Kent Nishimura | Reuters
Rep. Nancy Mace, a South Carolina Republican, in a post earlier Thursday on X said, “If the reports that Lee Zeldin will be replacing Pam Bondi as Attorney General are true – I welcome it.”
“Bondi handled the Epstein Files in a terrible manner and made this situation far worse than it had to be for President Trump,” Mace wrote. “I look forward to a new Attorney General.”
Trump, in his second term, has been much more conservative in firing high-level officials than during his first term, which was marked by a series of abrupt terminations, including that of his first attorney general, Jeff Sessions.
Deputy Attorney General Todd Blanche speaks at a news conference to announce an update on the Epstein files at the Department of Justice on January 30, 2026 in Washington, DC.
Anna Moneymaker | Getty Images
Trump fired Sessions in May 2017 after the then-attorney general recused himself from overseeing a DOJ investigation of his 2016 presidential campaign’s contacts with Russians, which led to the DOJ’s appointment of special counsel Robert Mueller to handle that probe.
Bondi is widely seen as having bungled the release of files related to Epstein, who years ago had been a friend of Trump’s.
Bondi, after Trump regained the White House last year, initially promised to release DOJ documents about Epstein, whose criminal activities have been of keen interest to the president’s MAGA political base.
She later reneged on that promise after making a show of giving social media influencers friendly to Trump binders of documents that turned out to include information about Epstein that was previously publicly available.
Congress later overwhelmingly passed a law mandating that the DOJ release all of its files about Epstein by Dec. 19. Although the DOJ did release many documents by that date, it failed to release millions more until weeks later, and even then withheld numerous documents.
On March 17, the House Oversight Committee issued a subpoena to Bondi, compelling her to sit for a deposition about the DOJ’s handling of the Epstein files on April 14.
Rep. Robert Garcia, a California Democrat who is the Oversight panel’s ranking member, in a post on X on Thursday wrote, “Pam Bondi and Donald Trump may think her firing gets her out of testifying to the Oversight Committee.”
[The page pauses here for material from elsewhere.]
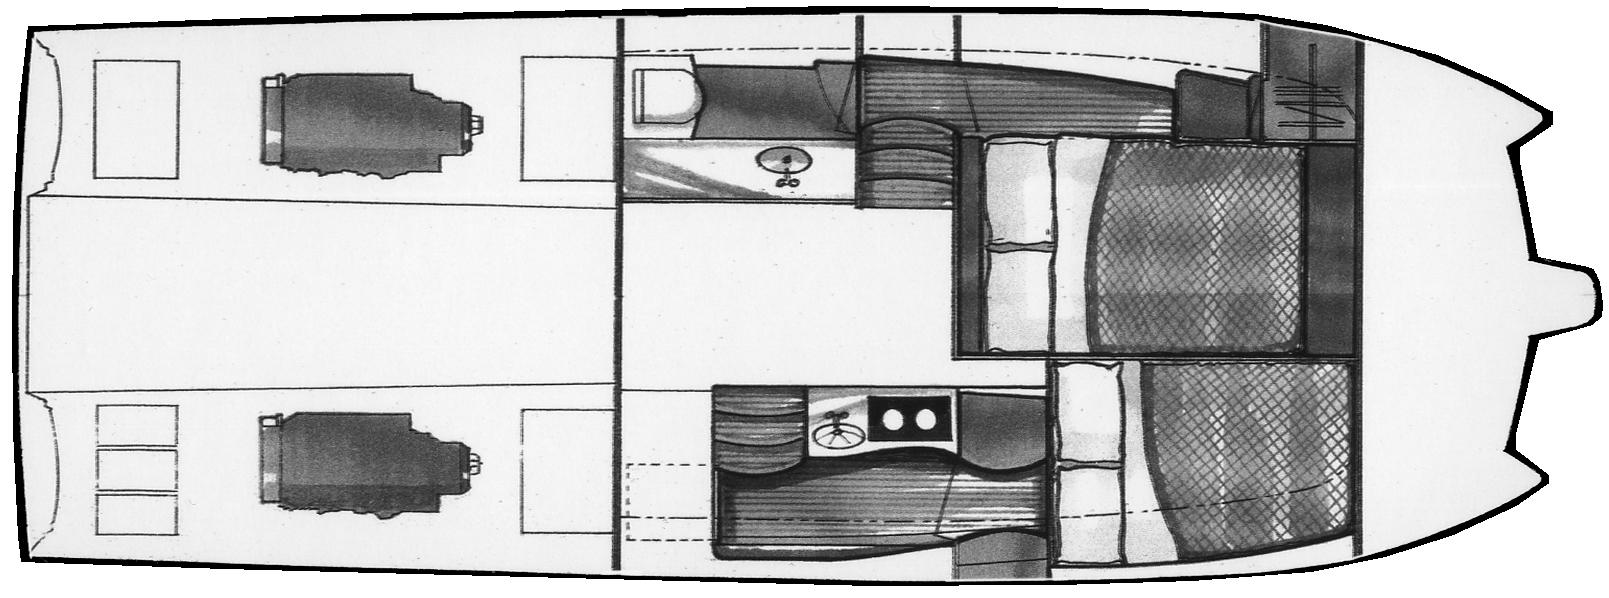 3470 Ocean Runner Floor Plan 1

“They are wrong – and we look forward to hearing from her under oath,” Garcia said.
On Nov. 24, Bondi and the DOJ were embarrassed by the dismissal of two federal criminal prosecutions of former FBI Director James Comey and New York Attorney General Letitia James.
Trump had pushed Bondi to criminally charge Comey and James, who are enemies of his.
Comey was charged with making a false statement and obstruction stemming from his testimony to Congress years earlier. James was charged with bank fraud and making false statements to a financial institution in connection with a mortgage she obtained to buy a home in 2020.
Both of them denied any wrongdoing and said the prosecutions were politically motivated.
A federal judge tossed out the cases against both after finding that Lindsey Halligan, the then-interim U.S. attorney for the Eastern District of Virginia, who had obtained the indictments against Comey and James, had been invalidly appointed.
Halligan is one of several top federal prosecutors whose appointments during the second Trump administration have been deemed invalid.